Je t'ai toujours haÏ.
Au début ,bien sûr ce n'était pas à cause de ton parcours politique,je n'avais que 5ans lorsque tu as épousé ma grand-mère,à 5 ans on ne comprend pas la politique.Non,si je te haïssais,c'est justement parce-que tu l'avais épousée,parce-qu'elle avait dû choisir entre ta maigre pension de cordonnier avec tes mauvais traitements ou bien l'assistance publique,qui impliquait de vivre aux crochets de ses enfants,ce à quoi elle s'est toujours refusée.
Vers l'âge de 6 ou 7 ans,ma mère m'a avoué que tu avais fait partie des hitlersjügend.Ne comprenant pas la signification de ce mot tortueux,cela ne m'a pas perturbée outre mesure.
Ensuite,j'ai appris.J'étais en cinquième primaire,je devais donc avoir 10 ans,et ma maitresse nous parlait de la guerre.
Après nous avoir appris que les hommes peuvent être si cruels,que toutes nos valeurs n'étaint pas acquises,voila qu'elle m'apprenait un sentiment étrange:un mélange de haine,de dégout et de peur.
Bien sur,je te detestait déja,mais cette exécration a alors atteint son maximum,et le dégout que m'inspirait ton haleine d'alcool s'est centuplé.La peur était nouvelle pour moi,étrange et énorme.
Alors je n'ai plus voulu venir vous voir,pas même par amour pour Bonne-Maman,pourtant Dieu sait si je l'aime.Puis l'amour s'est fait le plus fort mais,avant de recommencer à vous visiter,j'ai demandé de plus amples renseignements à ma mère.
Elle m'a dit que tu étais tout seul,hollandais abandonné par ses parents dans un pays dont il connaissait à peine la langue,mourant de froid et de faim.
Que veux tu?Je t'ai pardonné,j'ai même presque eu pitié de toi.Pendant 6 ans je t'ai pardonné.
Mais en juillet passé,j'avais prévu de passer avec mon amoureux quelque jours dans les environs de Munich. Toi qui croyait que ce choix était innocent.
Encore heureux que ton anniversaire tombe au moi de juin!J'avais tout prévu.Et toujours innocent à tes yeux était le"t'es né en quelle année tonton?" "1923,ma chérie!ça fait longtemps hein!"Tu parles.

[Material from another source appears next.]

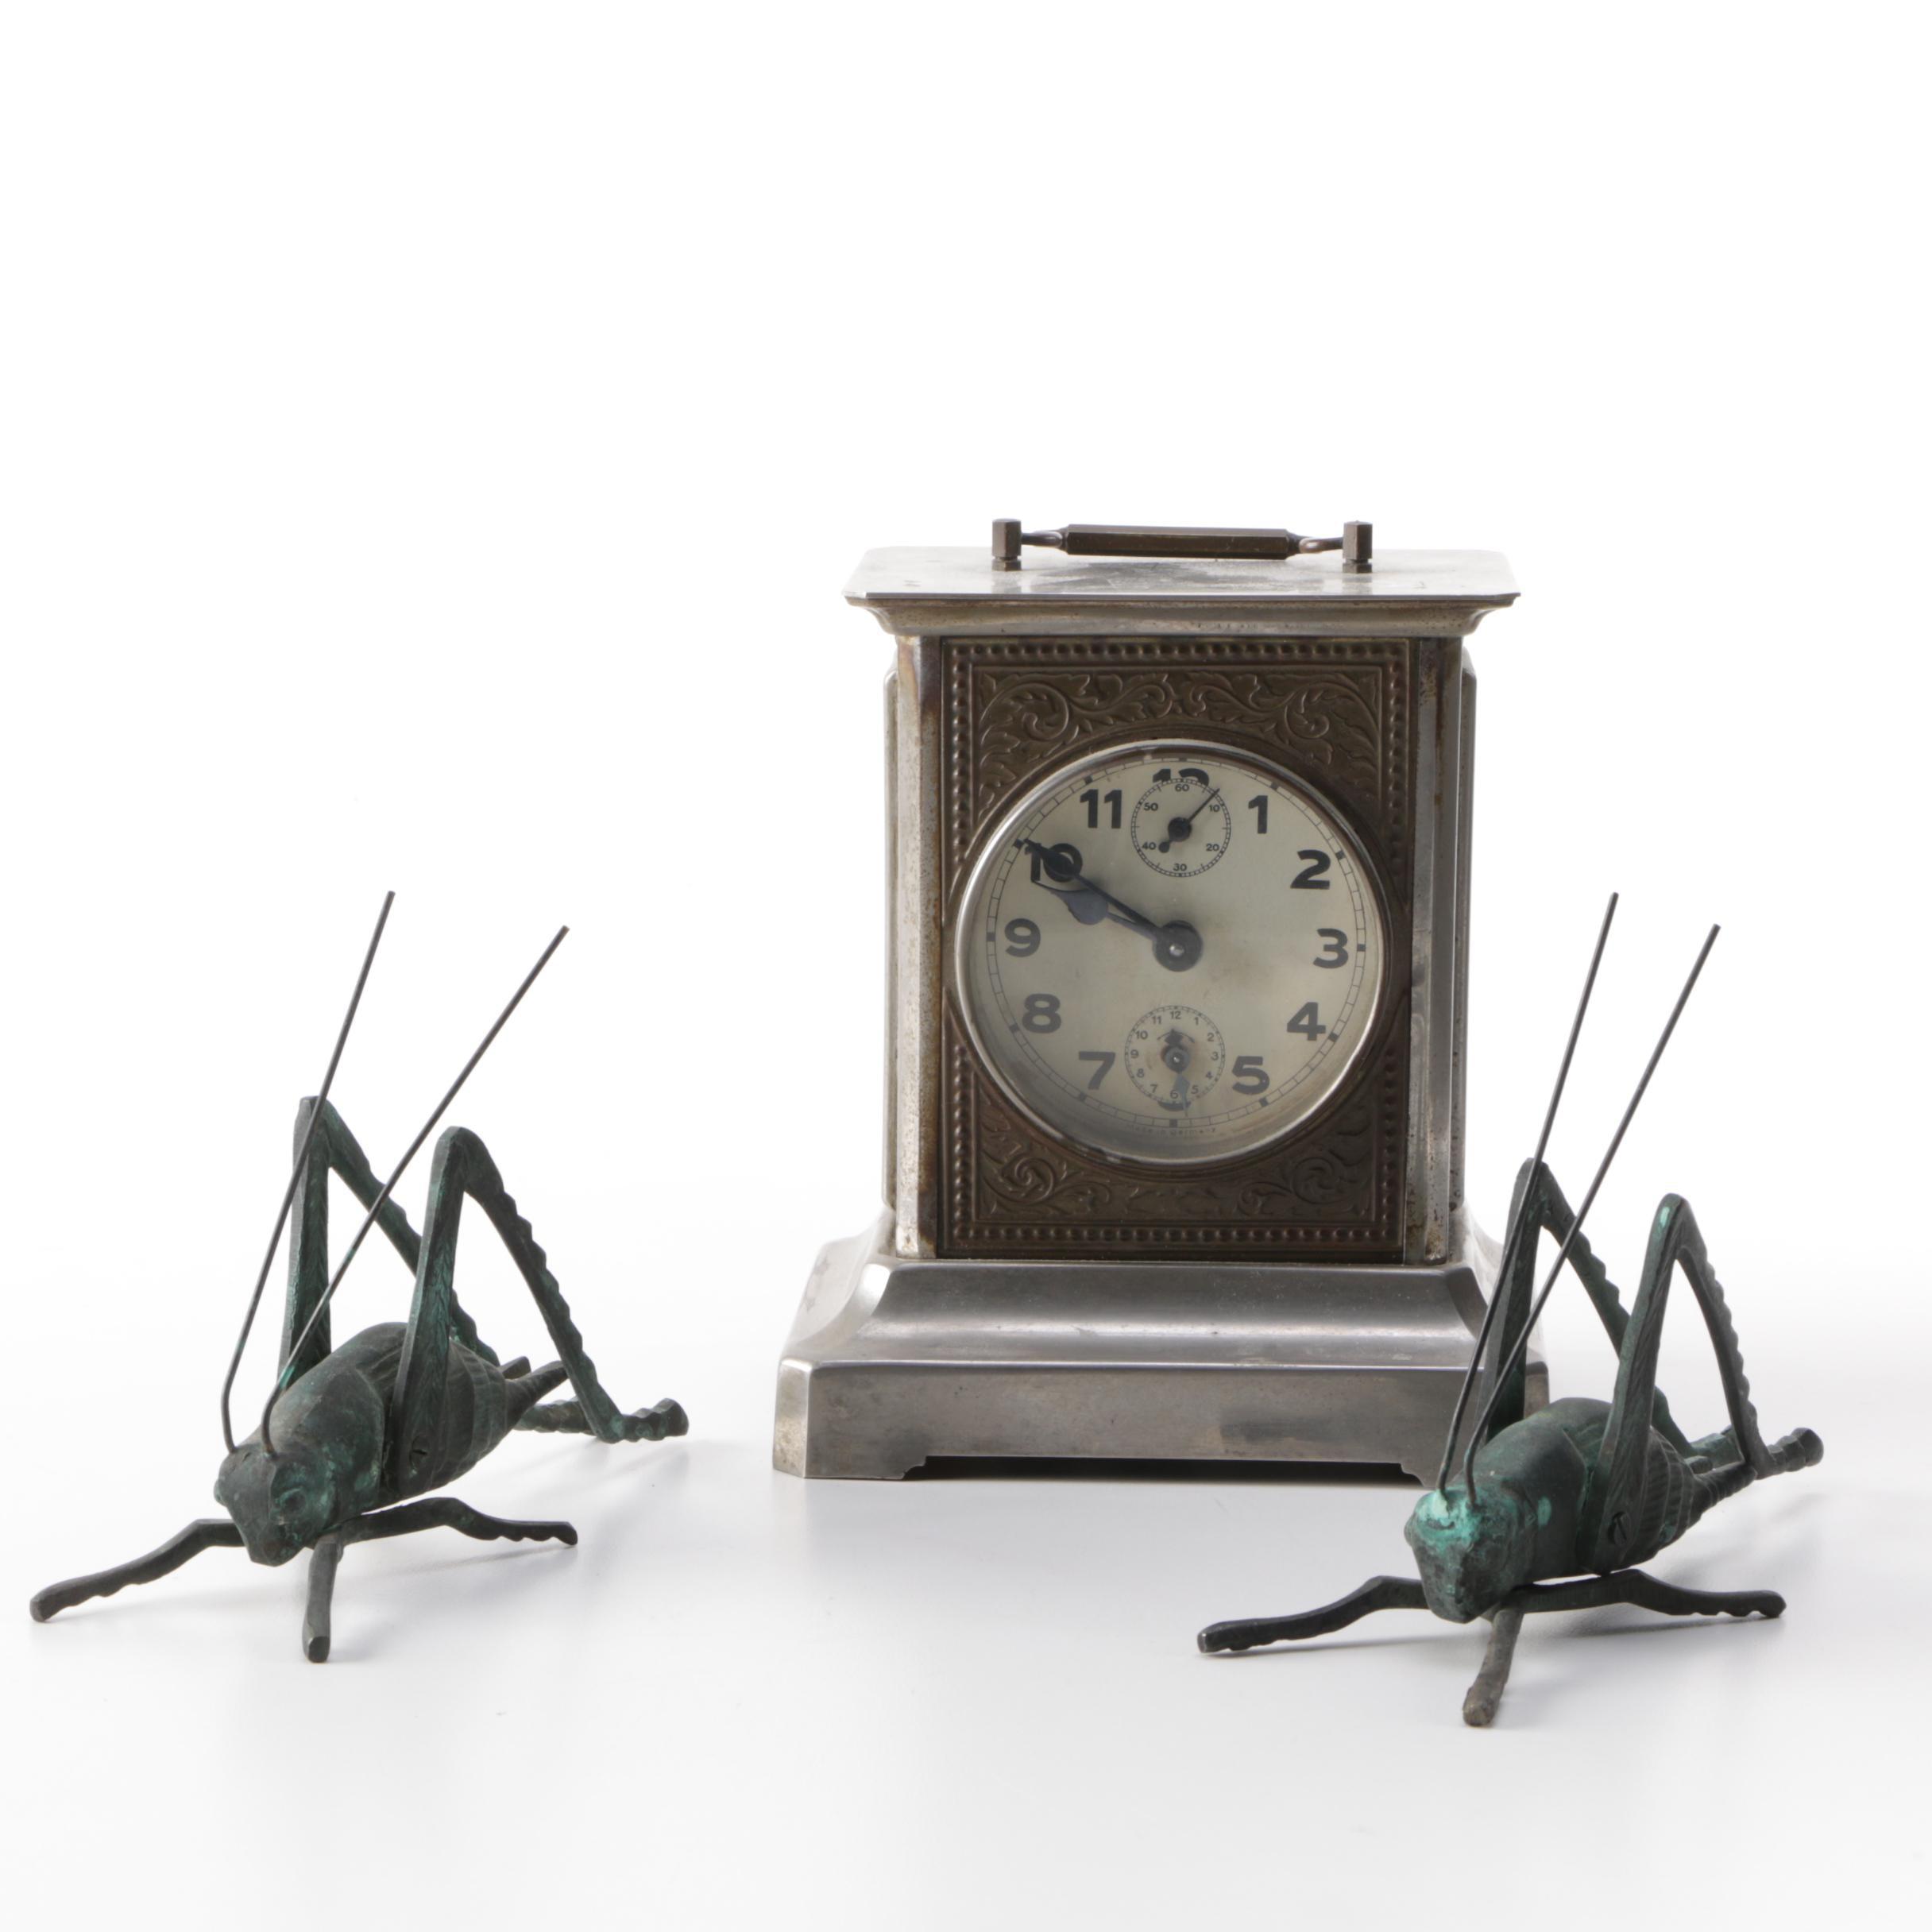 F. Mauthe Mantel Music Box Alarm Carriage Clock

Voila,13 juin1923,nom prénom,j'avais tout ce qu'il me fallait.
Tu sais,à Munich,dans les musées,ils avaient gardé toutes les listes,mémoire collective oblige,ça a été l'affaire de moins d'une heure de te retrouver.En effet,tu étais pauvre et seul.Mais il y avait autre chose de bien plus intéressant sur ces vieux papiers jaunis:après les hitlersjugend,après le service militaire obligatoire,remarquant tes talents pour la chaussure,ils t'avaient proposé d'entrer chez un styliste.Mais tu as refusé cette perspective,lui préférant un poste d'instructeur S.A. chez ces scouts de chocs.Et ce n'était pas fini:1944,après le débarquement,pressentant la fin du nazisme tu t'es débiné,parti en clandés vers un pays libre.
S'il y a bien une chose qui me dégoute encore plus que ceux dont l'idéal est de détruire,c'est bien ceux qui n'ont même pas d'idéal;les lâches,les opportunistes!et tu en fais partie.
Tu croyais vraiment pouvoir nous cacher ça à tous?
Malgré ce débinage,je viens de le découvrir,tu étais toujours amoureux d'Hitler.Peut-être est-ce parce-que son suicide t'a culpabilisé?En tout cas,tu aura fait souffrir Bonne-Maman jusqu'au bout;sa tête en découvrant des photos d'Hitler sous son lit,dans tes tiroirs,ta commode,lorsque nous avons vidé tes affaires cet après midi!Cela faisait peine à voir.
Après ces vacances à Munich,j'ai dû beaucoup réfléchir à ce que j'allais faire.Presque un an.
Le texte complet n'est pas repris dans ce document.